A simple index comparing uric acid and good cholesterol to give context on metabolic balance.
The uric acid to HDL cholesterol ratio (UHR) is a calculated value, not a separate blood test. It compares uric acid, a waste product linked with inflammation and metabolic stress, with HDL cholesterol, the protective cholesterol.
The formula is: uric acid ÷ HDL cholesterol, using the units reported by the lab.
High uric acid and low HDL both feature in metabolic syndrome and insulin resistance. Combining them into one ratio aims to capture that metabolic pattern, and UHR has been studied as a marker of insulin resistance, fatty liver and cardiometabolic risk.
A higher ratio reflects more metabolic stress relative to protective cholesterol and has been associated with greater cardiometabolic risk. A lower ratio is more favourable.
Aniva reads your result against research-backed ranges, not just the lab's wide normal. The reference shown below is specific to this biomarker.
There is no firmly established healthy reference range for UHR. It is used in research as a relative marker, where higher values track with greater metabolic and cardiovascular risk. Interpret as a trend with a clinician rather than against a fixed cutoff.
Uric acid rises with high purine intake, alcohol, dehydration and some diuretics, and varies between people. HDL is affected by alcohol, smoking and some medications. These influences can move the ratio independently of underlying metabolic risk.
Read with its components, uric acid and HDL cholesterol, and alongside fasting glucose, triglycerides and the full lipid panel.
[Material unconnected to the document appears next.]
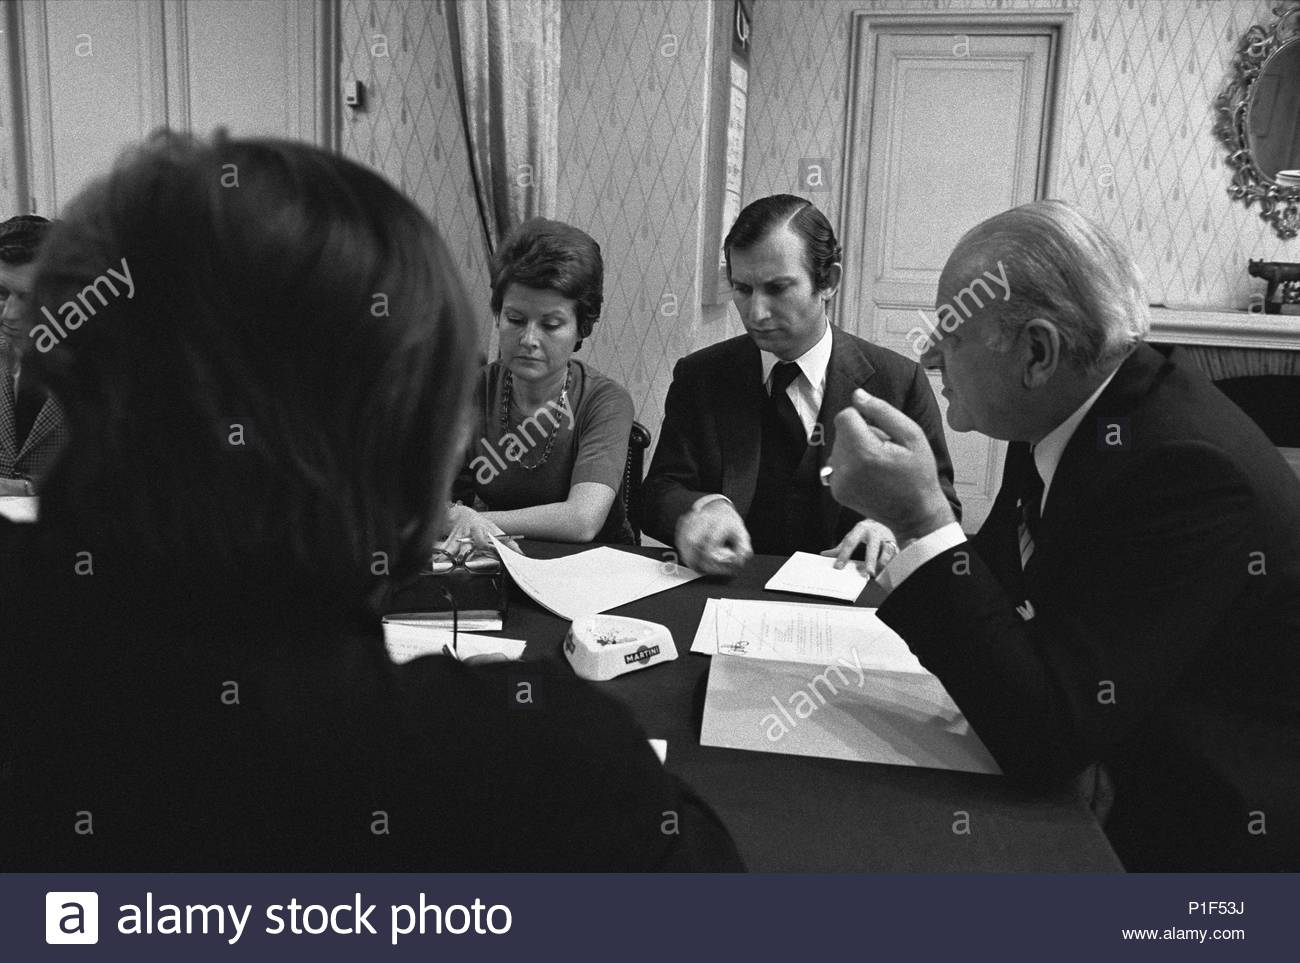 Composer Rolf Liebermann,director of the Paris Opera,   meeting with his staff. left of Liebermann is Hugue Gall,   his assistant. Location: Opera House Palais Garnier, Paris, France. - Stock Image

What does my result mean? A higher ratio can reflect higher uric acid, lower HDL, or both. A lower ratio often suggests a more favorable balance. Confirm with the individual tests.
Do I need to fast? No. Fasting is not routinely required for uric acid or HDL. Follow any specific instructions from your clinician.
What can affect the result? Alcohol, big purine-rich meals, dehydration, intense exercise, illness, diuretics, niacin, smoking, and high-dose vitamin C can shift values.
How often should I test? If tracking metabolic risk or gout, many people recheck every 3 to 6 months or as advised by their clinician.
How long do results take? Results are usually ready in about 7 days.
What should I discuss with my clinician? Ask how your ratio fits with uric acid, full lipids, and glucose markers, and which next steps, if any, make sense for you.